As the sky loses its intensity of light, questions swim in my mind; front crawl, breast stroke, and backstroke. The drive home seems longer than the day. I am able to look at my life with more objectivity than usual; travel does this. If I had thought about death sooner, it would have intensified life. You know, the squeeze of the lemon and a pinch of salt makes all the difference.

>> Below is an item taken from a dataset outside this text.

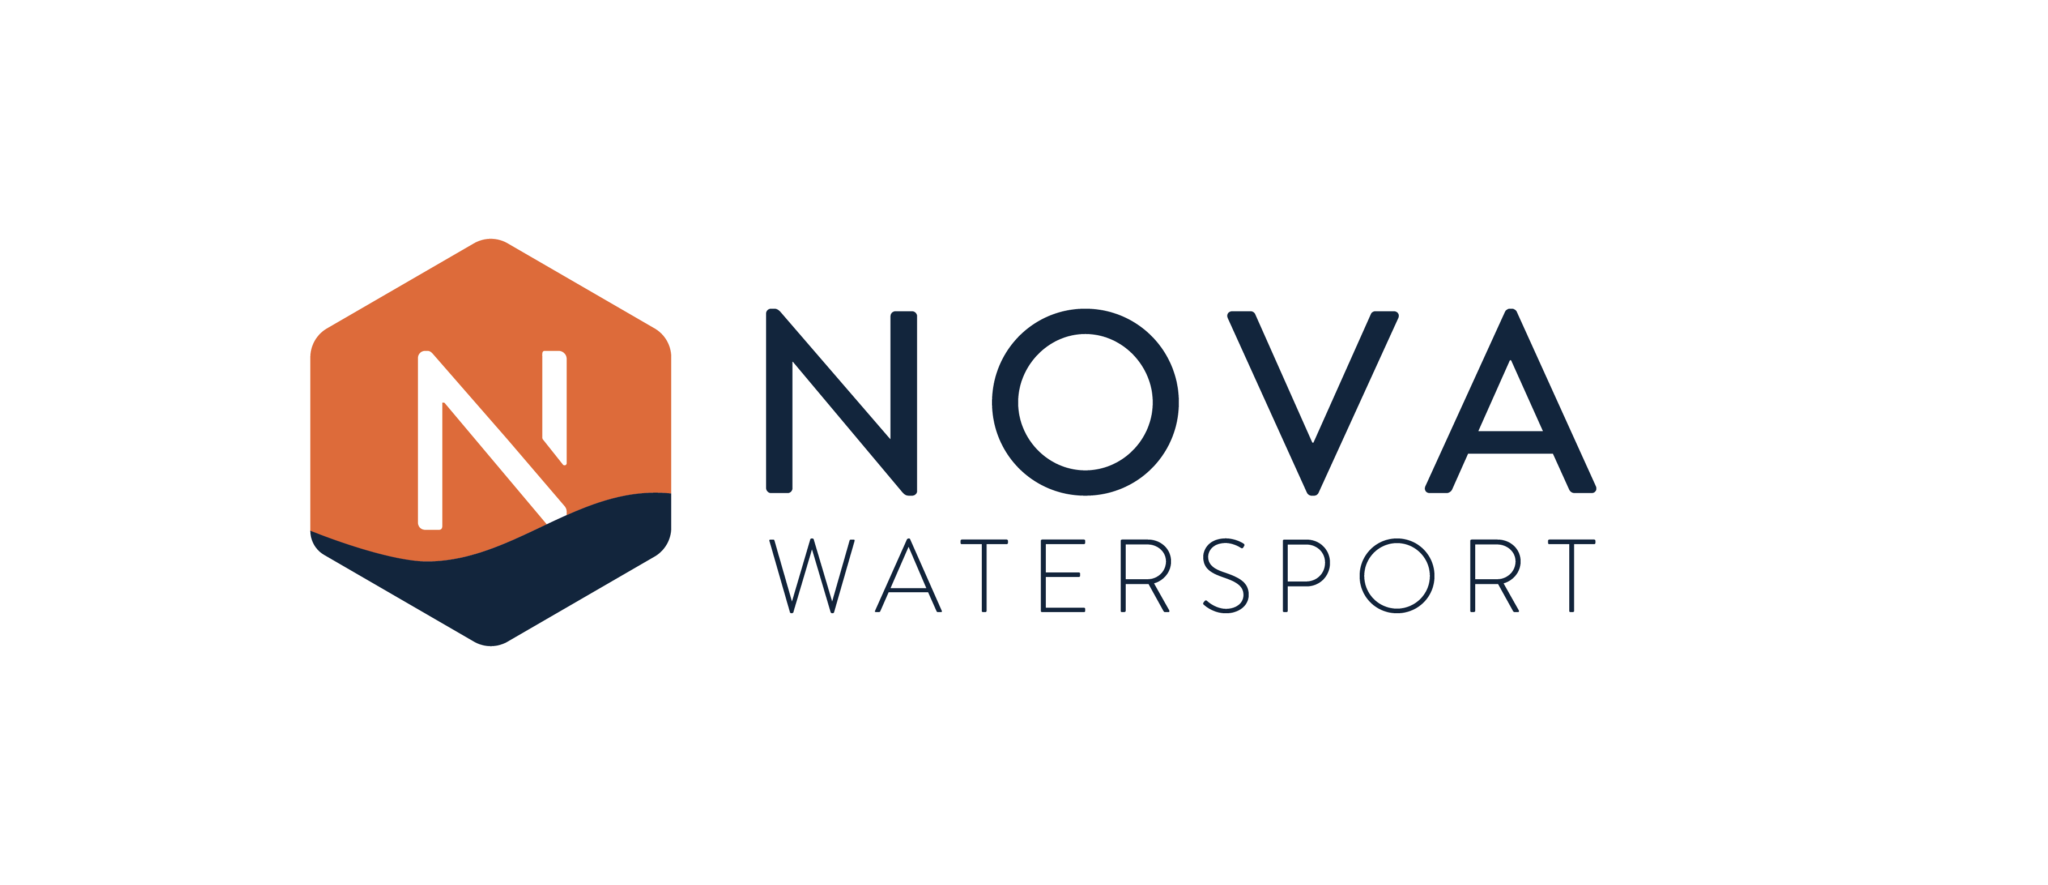 Nova Watersport

Death was always on the way, but the fact that I didn’t know when it would arrive took away from its precision and finiteness. So I treated life as an inexhaustible well. But everything happens a certain number of times, and a very small number really. How many more times will I remember a certain afternoon of my childhood, the afternoon that’s so much part of me that I can’t conceive of my life without it. Perhaps four or five times more. Perhaps not even. How many times will I watch the full moon rise? Perhaps twenty. And yet I lived as if it all seemed so limitless. I would have made fewer foolish mistakes.
Enough backward imaginings. I need to accept the past as past without denying it or discarding it. It was what it was. Right now my goal vibrates nonstop in each side of my brain like tocsins (alarm bells). Or is it a death knell? Temptations rely on such seconds. It’s all they need. I thought she could. Now I know she can’t. I need to find someone else. If not, there’s nothing but the morgue.
Yesterday I didn’t know a Ms. Gauge. Is she an invitation or a warning? What if thousands like her walk the earth, returned from a cruise, mute with fresh tattoos? An inky embarrassment, a token of forestalled fate, a premise for a dystopian dance? Could this be my fate?
Yesterday is centuries away. My death progresses and it takes away enterprise. It adds to the deterioration of body functions, breathing and balance. I am resigned that every day represents more and more subtracted from less and less. While I am still able and keen to score overtime, I need to find someone else to get me closer to what is seeming like an iceberg in the mist, the inexplicable reality of the Luminous Liminality. But who?